Core Detection Script Implementation
The following script, based on git verify-pack command, efficiently identifies the largest objects in the repository:
#!/bin/bash
#set -x
# Shows the largest objects in your repo's pack file
# Written for macOS
#
# @see https://stubbisms.wordpress.com/2009/07/10/git-script-to-show-largest-pack-objects-and-trim-your-waist-line/
# @author Antony Stubbs
# Set internal field separator to line break for easy iteration over verify-pack output
IFS=$'\n';
# List all objects including their size, sort by size, take top 10
objects=`git verify-pack -v .git/objects/pack/pack-*.idx | grep -v chain | sort -k3nr | head`
echo "All sizes are in kB's. The pack column is the size of the object, compressed, inside the pack file."
output="size,pack,SHA,location"
allObjects=`git rev-list --all --objects`
for y in $objects
do
# Extract the size in bytes
size=$((`echo $y | cut -f 5 -d ' '`/1024))
# Extract the compressed size in bytes
compressedSize=$((`echo $y | cut -f 6 -d ' '`/1024))
# Extract the SHA
sha=`echo $y | cut -f 1 -d ' '`
# Find the object's location in the repository tree
other=`echo "${allObjects}" | grep $sha`
#lineBreak=`echo -e "\n"`
output="${output}\n${size},${compressedSize},${other}"
done
echo -e $output | column -t -s ', '
Script Execution Process Detailed
The script execution involves four main steps: first, using git verify-pack to analyze pack files and obtain detailed information about all objects; then filtering out chain objects using grep to avoid duplicate counting; followed by sorting objects in descending order by size; and finally processing each object to extract size, compressed size, SHA value, and file path information.
Output Result Analysis
The script output contains four columns: original size (KB), compressed size (KB), object SHA hash value, and file path. Sample output might display:
size pack SHA location
65183 43021 bd1741ddce0d07b72ccf69ed281e09bf8a2d0b2f path/to/some-video-1080p.mp4
12446 8902 2ba44098e28f8f66bac5e21210c2774085d2319b path/to/hires-image.png
530 412 0d99bb93129939b72069df14af0d0dbda7eb6dba path/to/some-image.jpg
Locating Related Commits
After obtaining SHA values of large objects, identifying commits containing these objects becomes essential. Use the following command to query commits containing specific blob objects:
git log --all --find-object=<blob-sha>
Alternatively, use the traditional approach:
git rev-list --all | while read commit; do
if git ls-tree -r $commit | grep -q "<blob-sha>"; then
echo $commit
fi
done
Performance Optimization Considerations
For large repositories (like the Linux kernel repository with 5.6 million objects), script performance is crucial. The original script achieves reasonable analysis time by limiting output quantity (head command) and employing efficient file processing methods. In practical applications, adjust head command parameters to balance output detail and execution time.

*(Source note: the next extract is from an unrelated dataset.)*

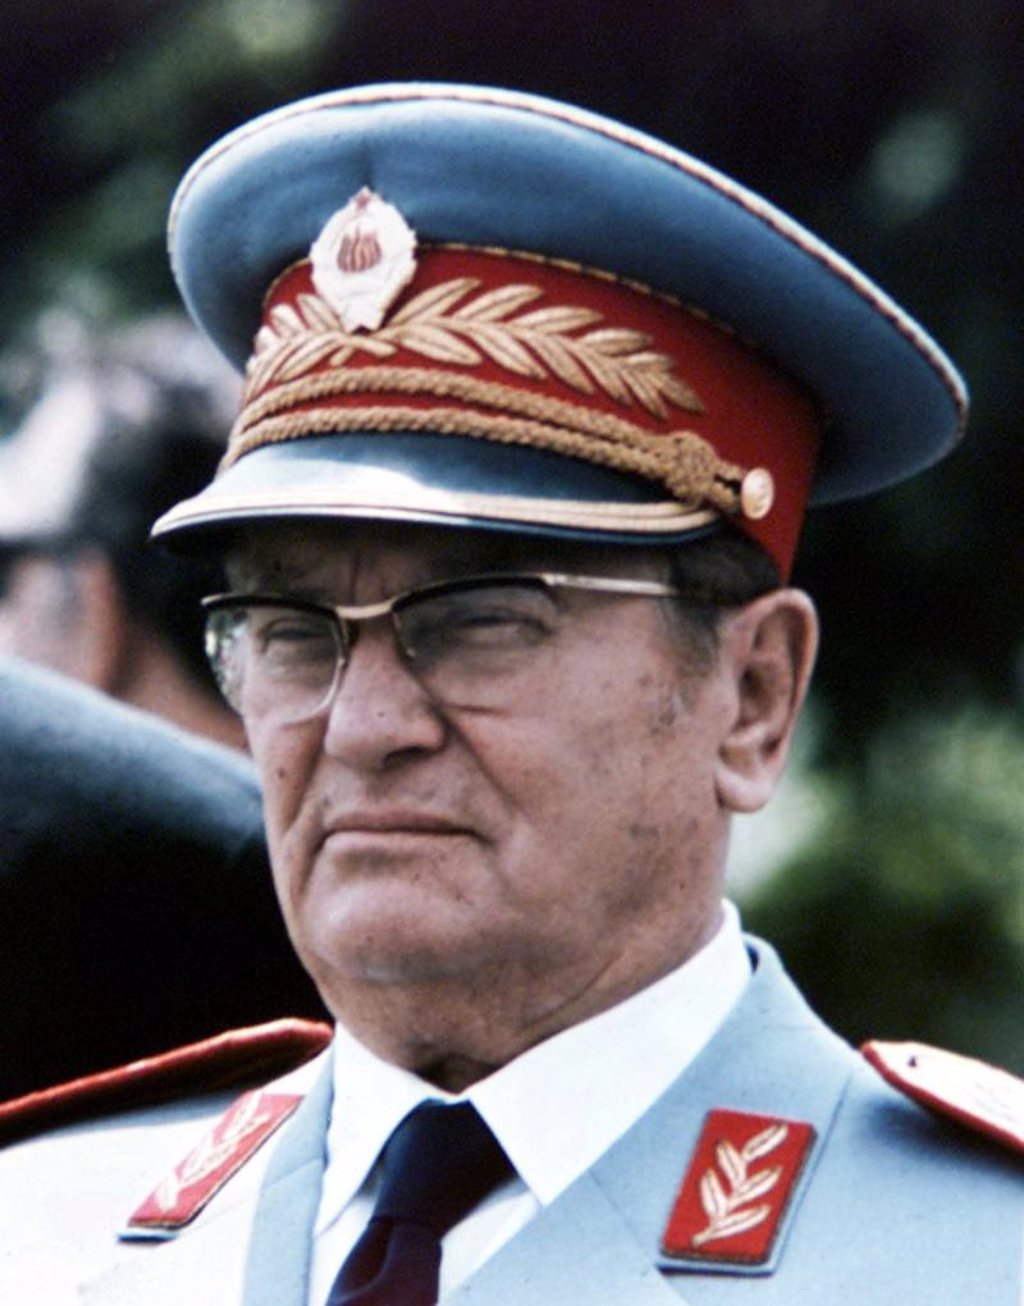 Hoy Se Cumplen 30 Años De La Muerte De Tito El Padre De La Yugoslavia
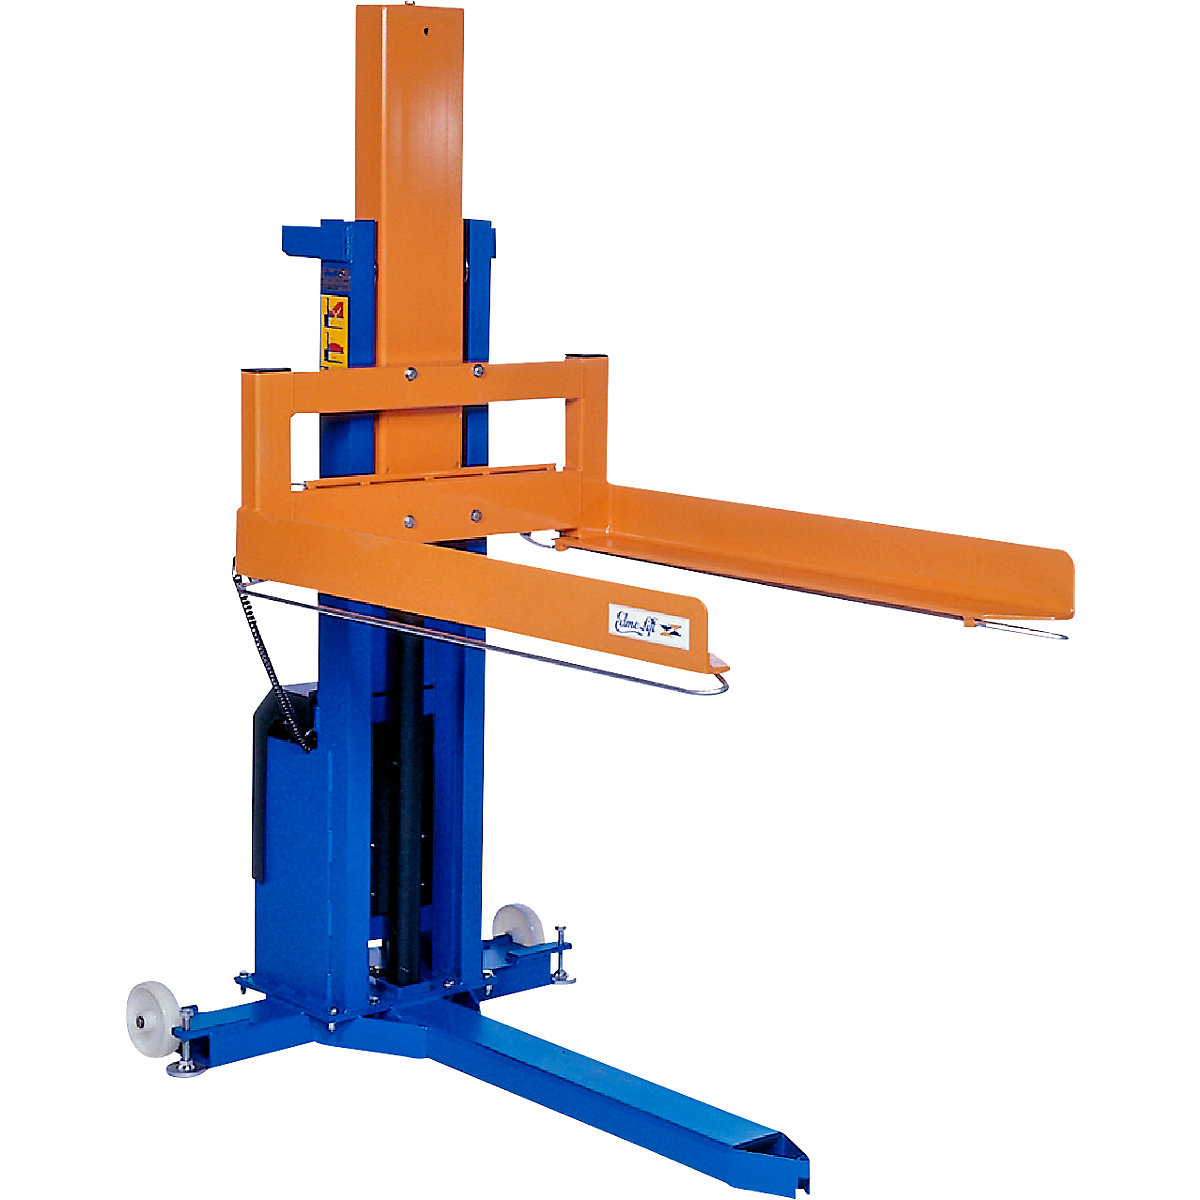 Pallet lifter – Edmolift, no tilt function, lifting range 70 – 970 mm, max. load 750 kg

Practical Application Scenarios
Beyond identifying accidentally committed large files, this technique applies to: code repository health checks, continuous integration environment optimization, and storage space management. In CI environments, clearing historical large files may require cleaning build caches, such as source caches in CircleCI, to ensure changes take full effect.
Advanced Tool Recommendations
For more complex repository analysis needs, consider using git-filter-repo tool's --analyze option, which provides comprehensive repository statistics. Additionally, git rev-list --disk-usage command offers branch-level disk usage statistics, helping identify directories containing numerous small files.
Best Practice Recommendations
To prevent similar issues, establish code commit standards within teams, properly configure .gitignore files, and consider adding file size checks in pre-commit hooks. Regularly running repository size analysis scripts enables early detection of potential problems, preventing unlimited repository growth.